Studio album by Dionysos
- Released: 29 January 2016
- Genre: Rock, Art Rock
- Label: Columbia Records
- Producer: L'Extraordinarium

Dionysos chronology
| Bird 'n' Roll (2012) | Vampire en pyjama (2016) |  |

= Vampire en pyjama =

Vampire en pyjama is the eighth studio album by Dionysos, and was released on 29 January 2016, two days after Mathias Malzieu's novel, Journal d'un vampire en pyjama.

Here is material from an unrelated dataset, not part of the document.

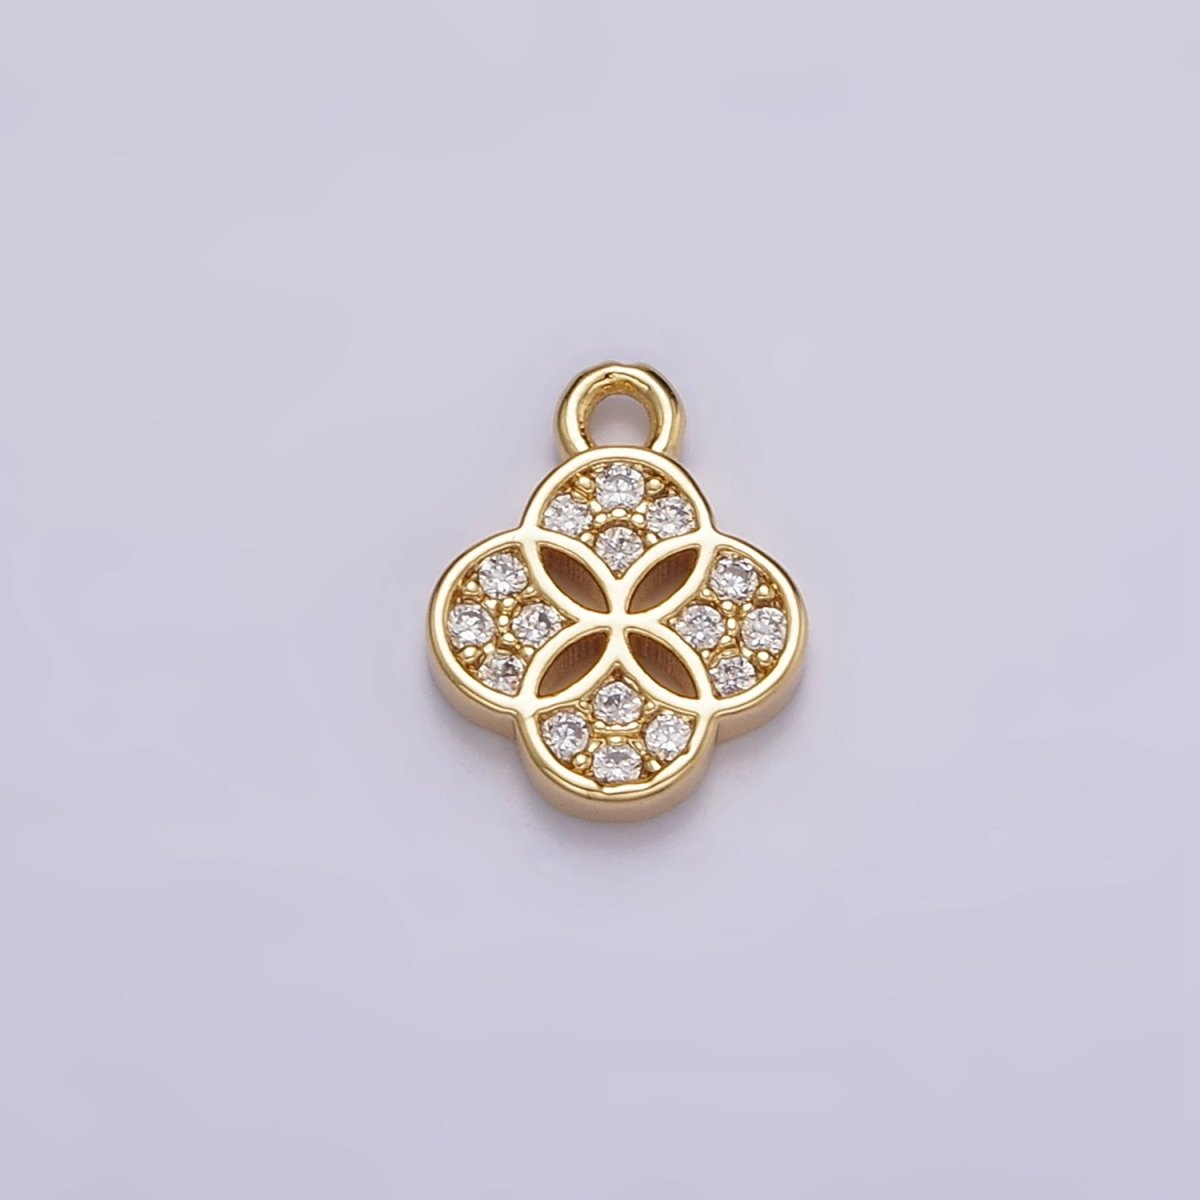 16K Gold Filled Mini Clear Micro Paved Quatrefoil Clover Flower Open Add-On Charm | N968 - DLUXCA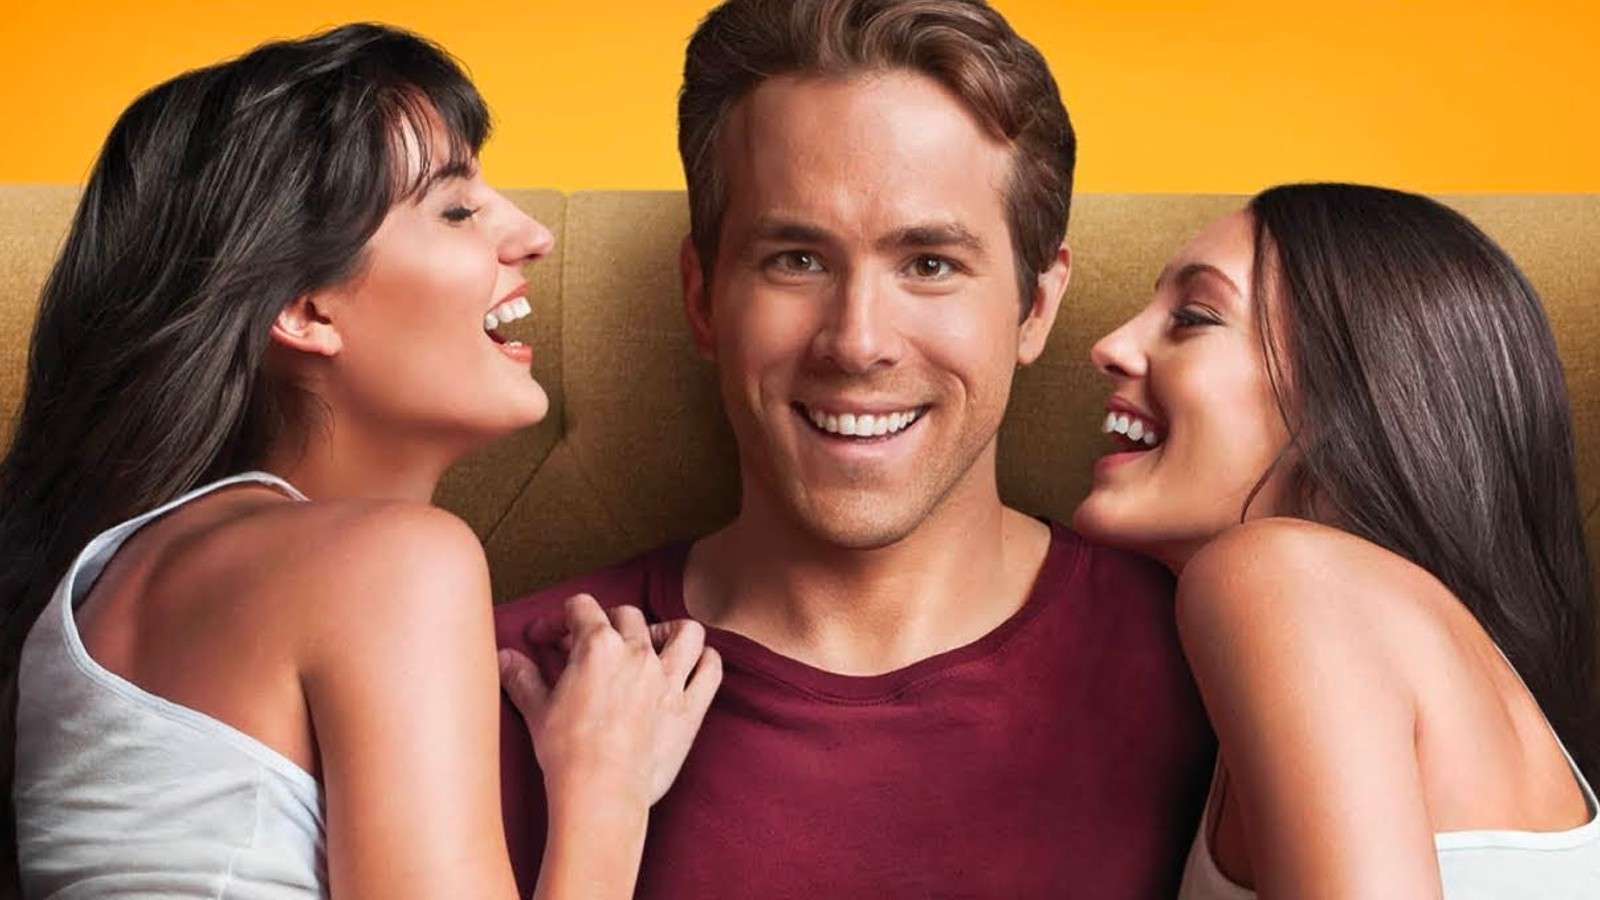 Ryan Reynolds on the poster for The Change-Up

The album was intended to be more acoustic than those before it and the lyrics are more personal. A mascote accompanies this album : a man with a heart for a head, Heartman, frequently drawn by the band and its fans in the streets of their own towns.

== Track listing ==

| No. | Title | Length |
|---|---|---|
| 1. | "Chanson d'été" | 3.22 |
| 2. | "Guerrier de porcelaine" | 2.41 |
| 3. | "Vampire de l'amour" | 2.23 |
| 4. | "Hospital Blues" | 3.50 |
| 5. | "L'Heure des lueurs" | 2.37 |
| 6. | "Skateboarding sous morphine" | 2.51 |
| 7. | "Know Your Anemy" | 2.38 |
| 8. | "I Follow Rivers" | 3.15 |
| 9. | "Dame Ocles" | 3.08 |
| 10. | "Le Petit Lion" | 2.26 |
| 11. | "Déguisé en moi" | 3.14 |
| 12. | "Le Chant du mauvais cygne" | 2.23 |
| 13. | "Vampire en pyjama" | 2.34 |

== The tour ==
Dionysos announced the first date and the start of the band's tour on its Facebook page, planned for 3 May 2016 at the Grand Rex. Following this, the band has announced around forty dates across France.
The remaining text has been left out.